**** Record extracts ****

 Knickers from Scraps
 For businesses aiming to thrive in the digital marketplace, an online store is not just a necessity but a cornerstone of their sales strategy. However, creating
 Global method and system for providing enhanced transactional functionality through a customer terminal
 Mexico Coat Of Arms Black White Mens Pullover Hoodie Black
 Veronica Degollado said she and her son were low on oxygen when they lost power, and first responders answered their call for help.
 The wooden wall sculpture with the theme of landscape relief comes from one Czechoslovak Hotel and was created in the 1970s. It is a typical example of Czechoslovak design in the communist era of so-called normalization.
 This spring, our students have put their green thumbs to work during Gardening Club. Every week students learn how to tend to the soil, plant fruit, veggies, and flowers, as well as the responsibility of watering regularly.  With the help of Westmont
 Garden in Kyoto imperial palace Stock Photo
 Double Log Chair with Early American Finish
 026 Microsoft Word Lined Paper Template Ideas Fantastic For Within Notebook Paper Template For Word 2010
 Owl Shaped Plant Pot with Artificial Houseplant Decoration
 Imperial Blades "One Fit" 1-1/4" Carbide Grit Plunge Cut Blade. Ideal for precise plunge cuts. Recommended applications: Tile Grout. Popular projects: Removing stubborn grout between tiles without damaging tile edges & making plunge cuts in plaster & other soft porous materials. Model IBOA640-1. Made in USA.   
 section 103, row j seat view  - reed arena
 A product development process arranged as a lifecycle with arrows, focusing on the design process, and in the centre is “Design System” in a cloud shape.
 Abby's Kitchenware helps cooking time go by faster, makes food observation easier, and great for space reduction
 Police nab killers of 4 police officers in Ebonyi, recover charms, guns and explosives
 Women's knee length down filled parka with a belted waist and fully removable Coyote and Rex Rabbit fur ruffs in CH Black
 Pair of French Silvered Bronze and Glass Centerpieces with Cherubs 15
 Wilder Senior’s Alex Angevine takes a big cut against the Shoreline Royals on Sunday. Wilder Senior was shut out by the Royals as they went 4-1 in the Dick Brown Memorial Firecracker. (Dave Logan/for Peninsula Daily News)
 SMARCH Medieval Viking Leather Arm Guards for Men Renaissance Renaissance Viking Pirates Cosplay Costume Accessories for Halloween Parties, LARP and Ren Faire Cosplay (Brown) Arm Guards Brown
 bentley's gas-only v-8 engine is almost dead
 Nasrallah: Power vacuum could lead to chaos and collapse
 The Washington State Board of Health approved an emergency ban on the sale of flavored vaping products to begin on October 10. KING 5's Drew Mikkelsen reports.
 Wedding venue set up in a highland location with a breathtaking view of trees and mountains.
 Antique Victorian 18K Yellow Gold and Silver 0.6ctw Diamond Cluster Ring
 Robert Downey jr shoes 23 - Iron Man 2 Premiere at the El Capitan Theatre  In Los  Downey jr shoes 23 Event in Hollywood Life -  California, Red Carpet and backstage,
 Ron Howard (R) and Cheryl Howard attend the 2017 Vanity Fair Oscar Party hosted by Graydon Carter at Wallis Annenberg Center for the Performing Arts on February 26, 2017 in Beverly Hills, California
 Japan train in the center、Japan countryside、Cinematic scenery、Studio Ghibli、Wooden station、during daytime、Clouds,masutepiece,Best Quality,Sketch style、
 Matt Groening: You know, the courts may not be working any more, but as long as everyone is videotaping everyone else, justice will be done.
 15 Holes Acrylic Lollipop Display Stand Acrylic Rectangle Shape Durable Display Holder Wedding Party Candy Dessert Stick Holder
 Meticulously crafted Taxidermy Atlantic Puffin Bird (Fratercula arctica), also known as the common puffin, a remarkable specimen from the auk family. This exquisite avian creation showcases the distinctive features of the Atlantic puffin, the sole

****

Problem description — What lines of the data include the word "Party"? Copy each of them.

Result of this exercise —
 Ron Howard (R) and Cheryl Howard attend the 2017 Vanity Fair Oscar Party hosted by Graydon Carter at Wallis Annenberg Center for the Performing Arts on February 26, 2017 in Beverly Hills, California
 15 Holes Acrylic Lollipop Display Stand Acrylic Rectangle Shape Durable Display Holder Wedding Party Candy Dessert Stick Holder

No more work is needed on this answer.